◆ Required work
Without changing a word, repeat the data, and include no pictures.

◆ The data
──────

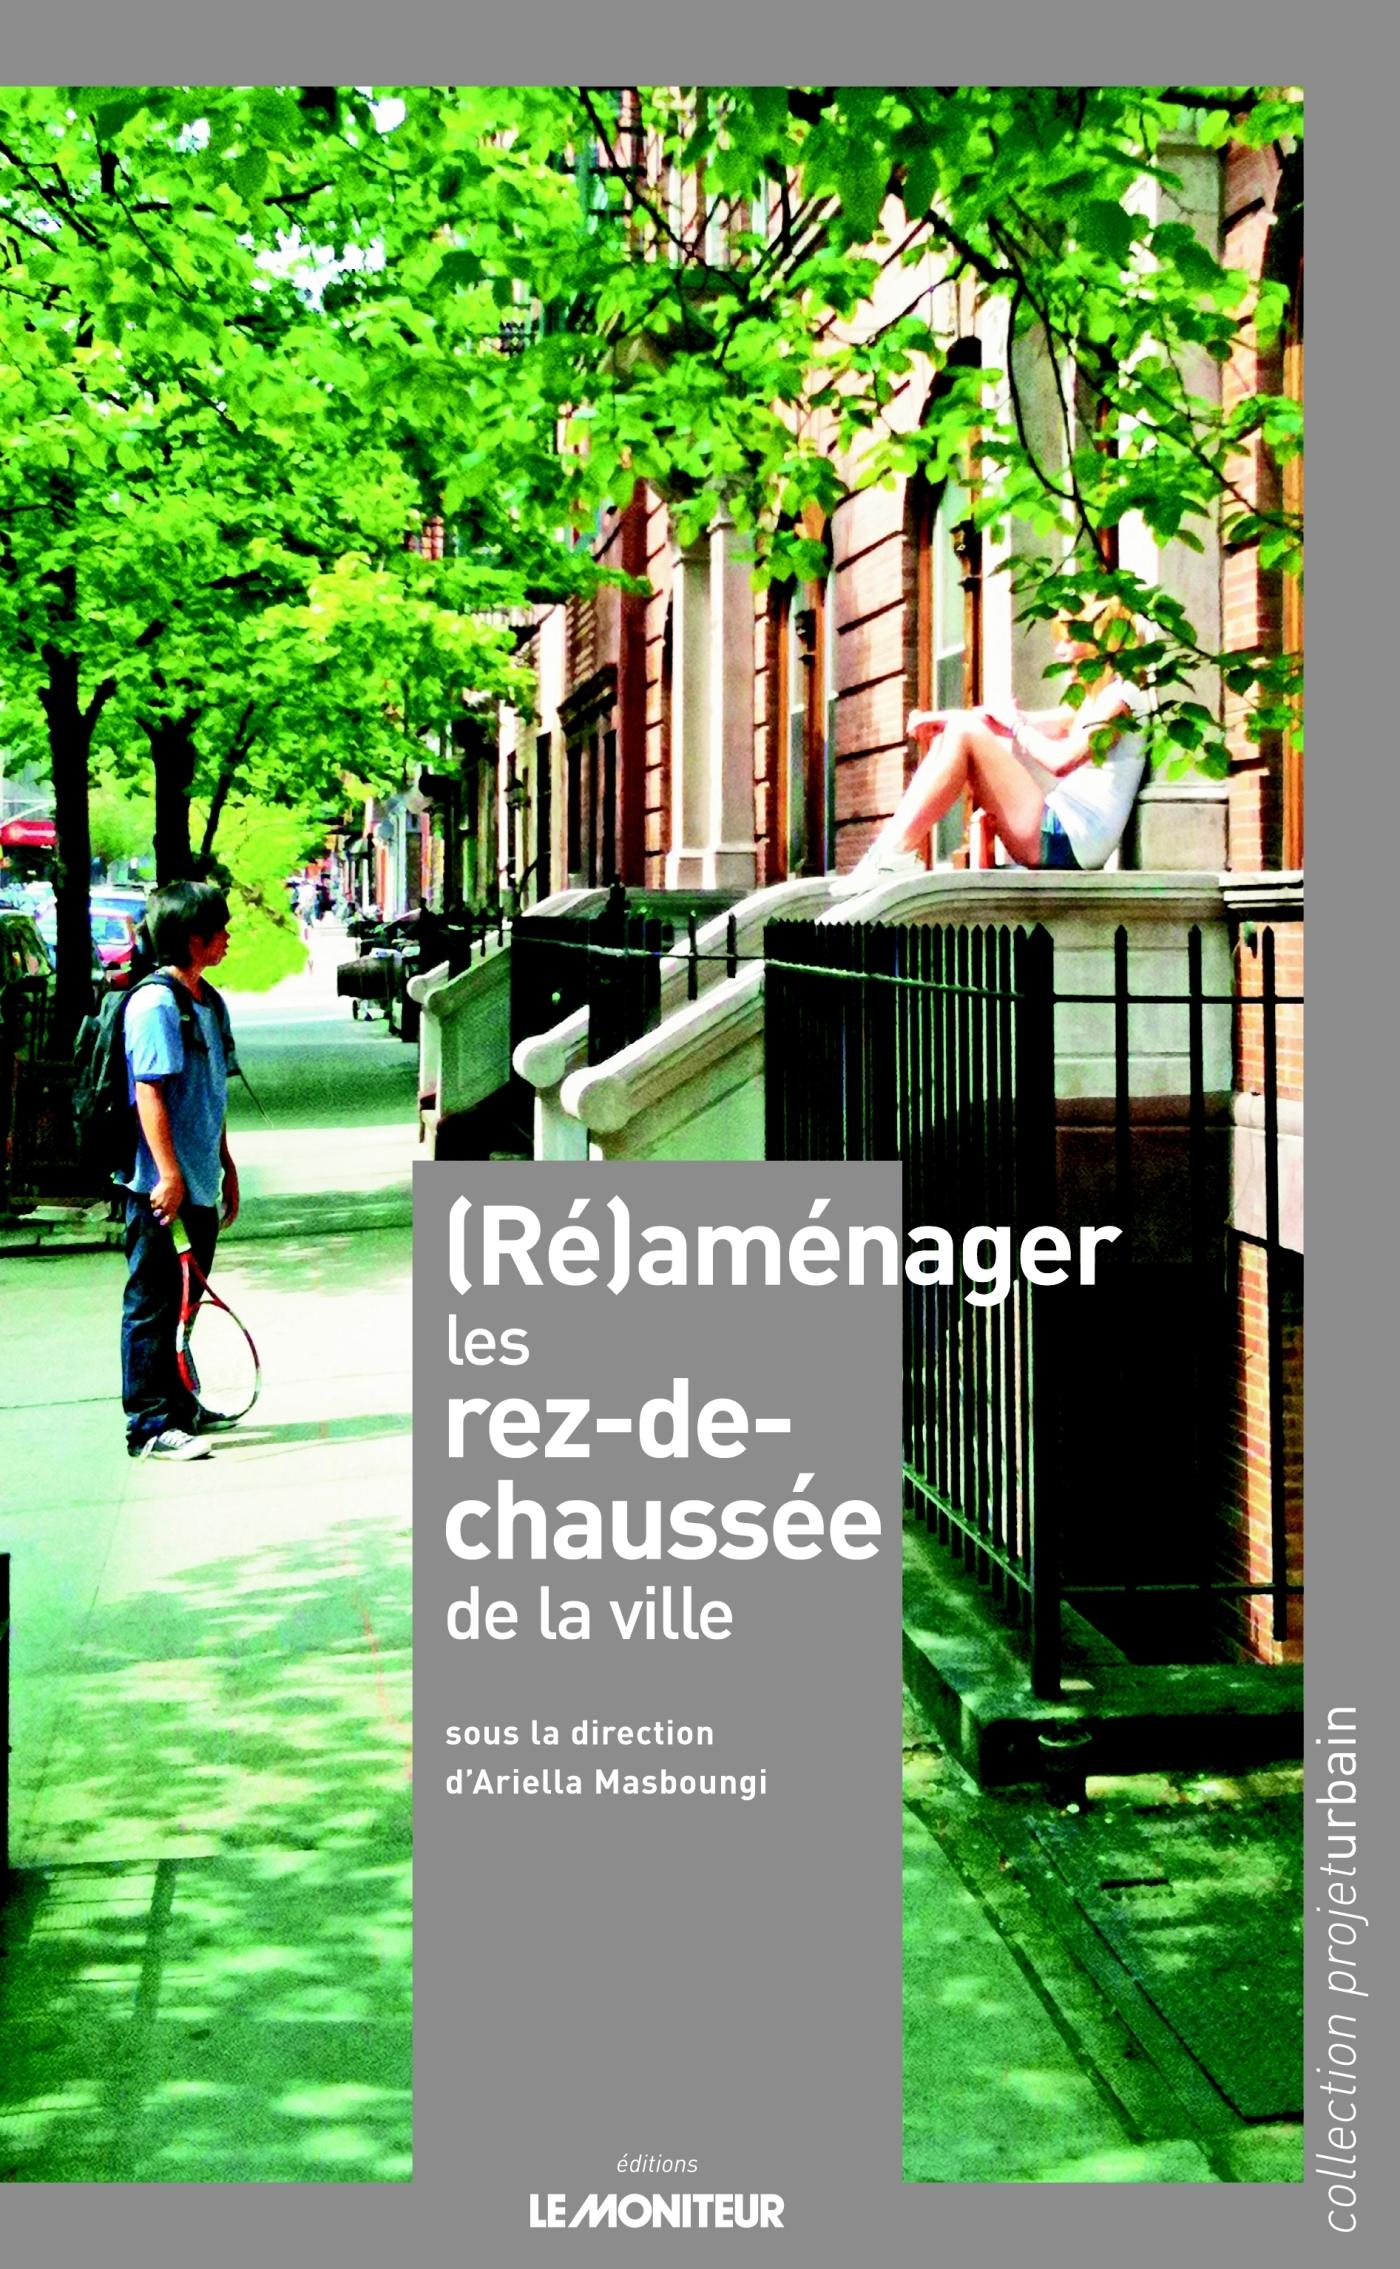 (RE)AMENAGER LES REZ-DE-CHAUSSEE DE LA VILLE
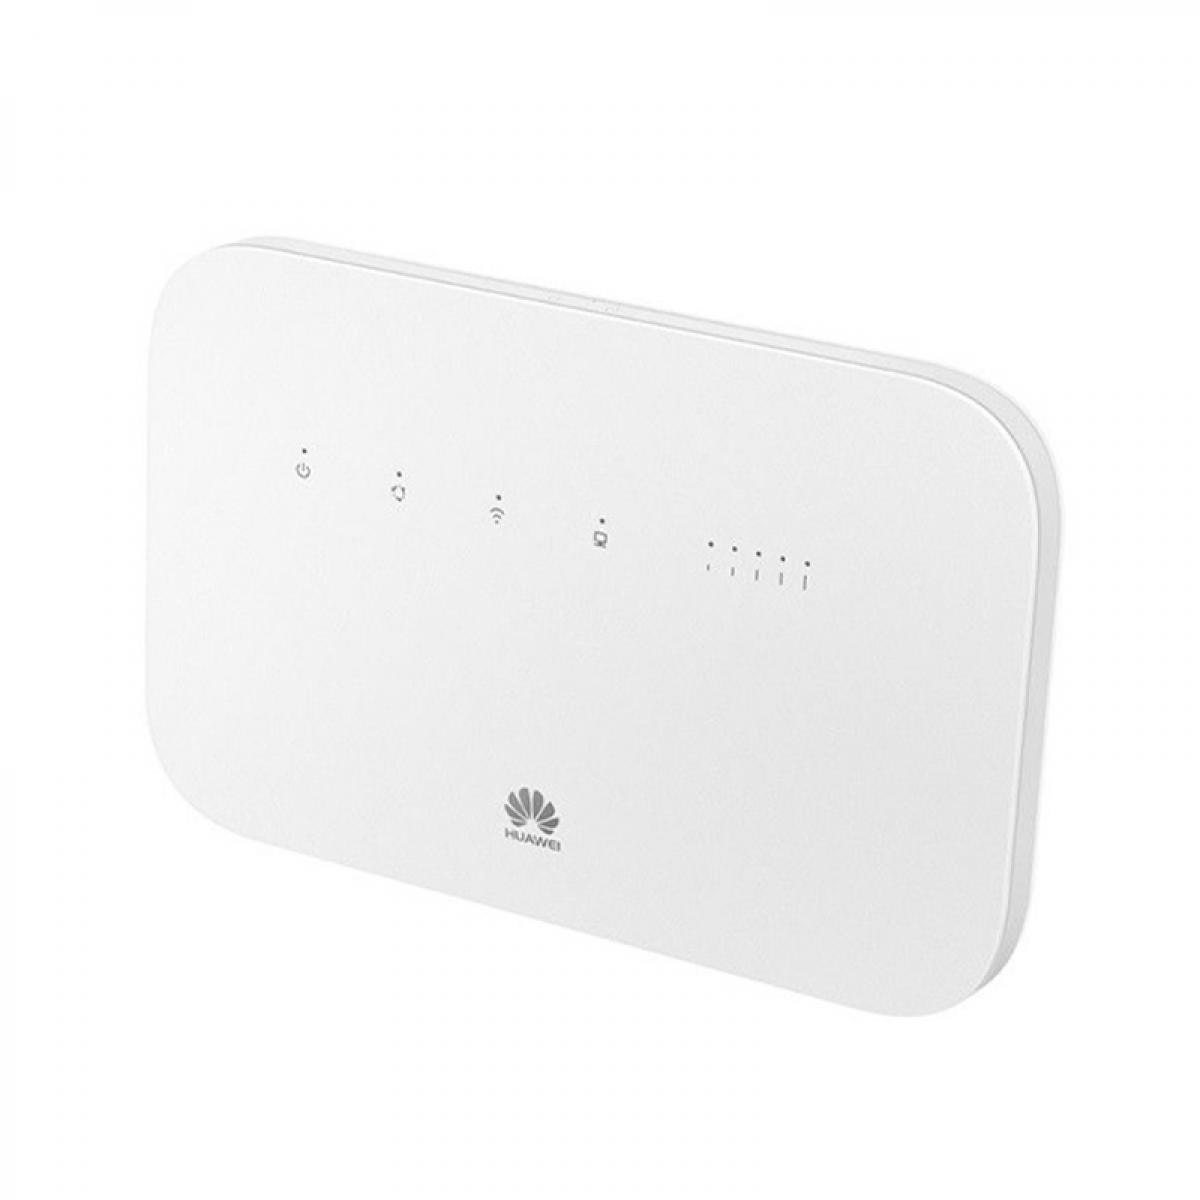 مودم 4G LTE هوآوی مدل B612 به همراه سیمکارت ایرانسل
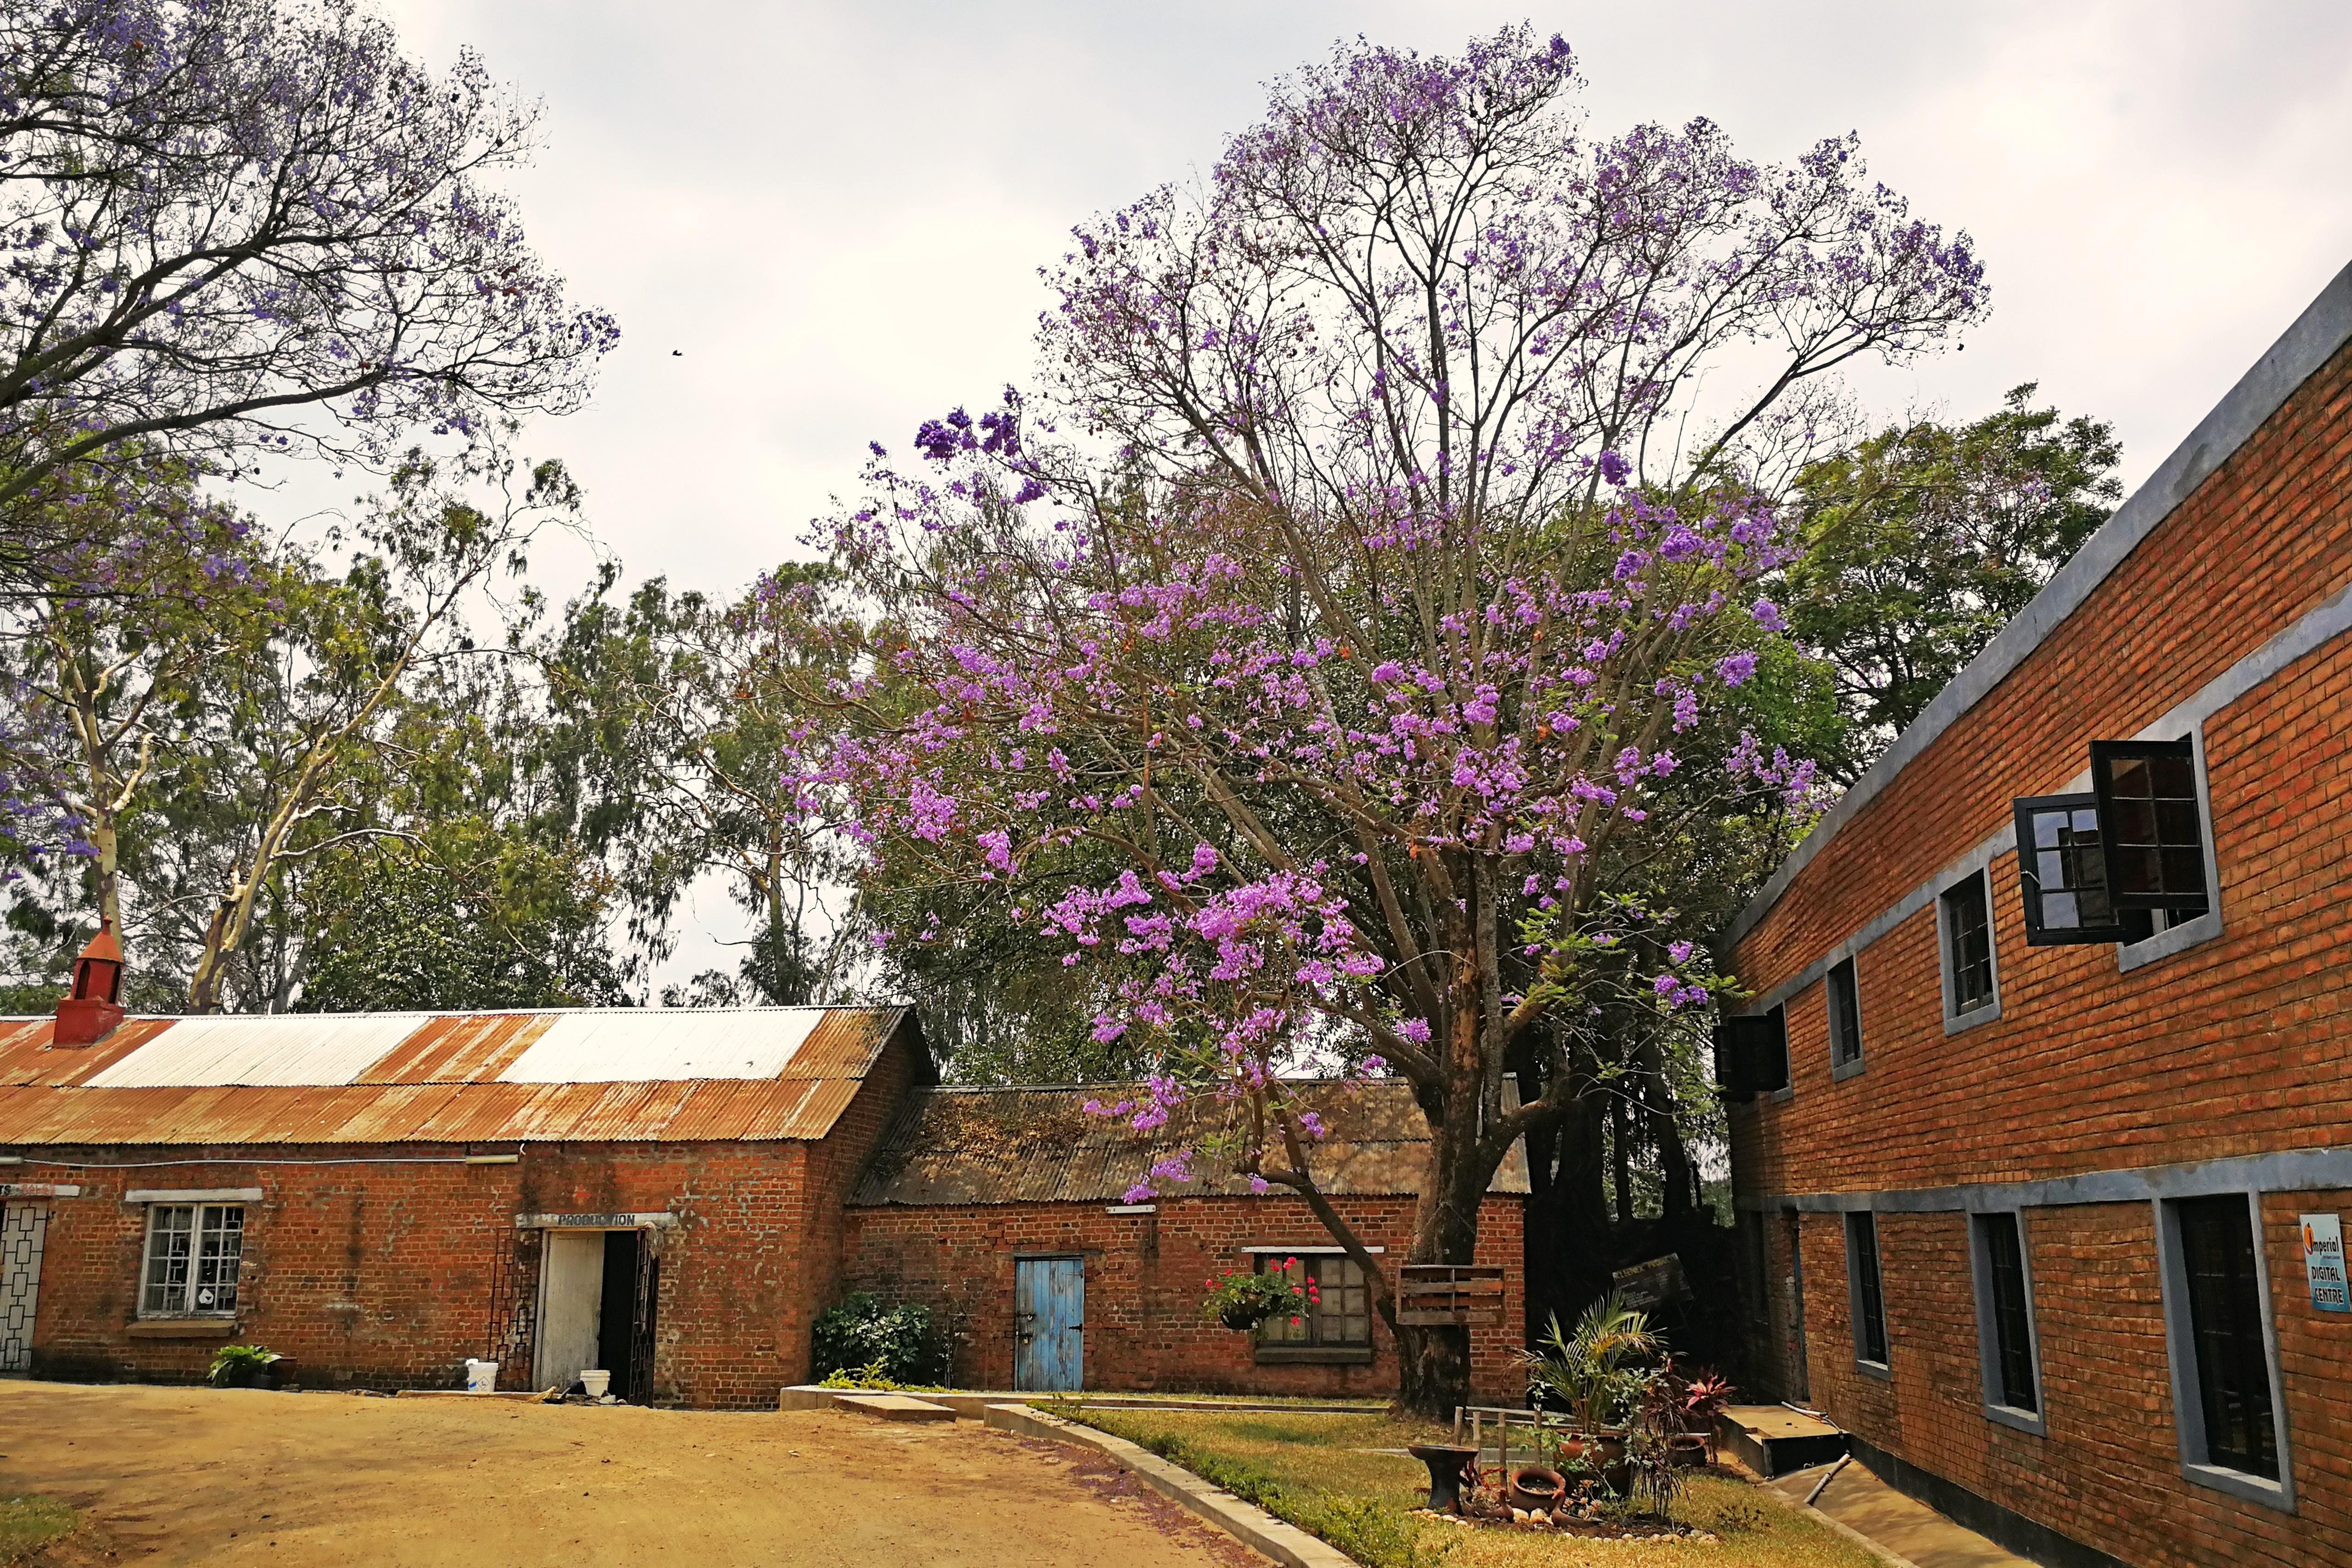 Unter Jacaranda Bäumen kann man in einem ehemaligen Fabrikgelände schöne Souvenirs erstehen

──────

◆ Written response
 (RE)AMENAGER LES REZ-DE-CHAUSSEE DE LA VILLE
 مودم 4G LTE هوآوی مدل B612 به همراه سیمکارت ایرانسل
 Unter Jacaranda Bäumen kann man in einem ehemaligen Fabrikgelände schöne Souvenirs erstehen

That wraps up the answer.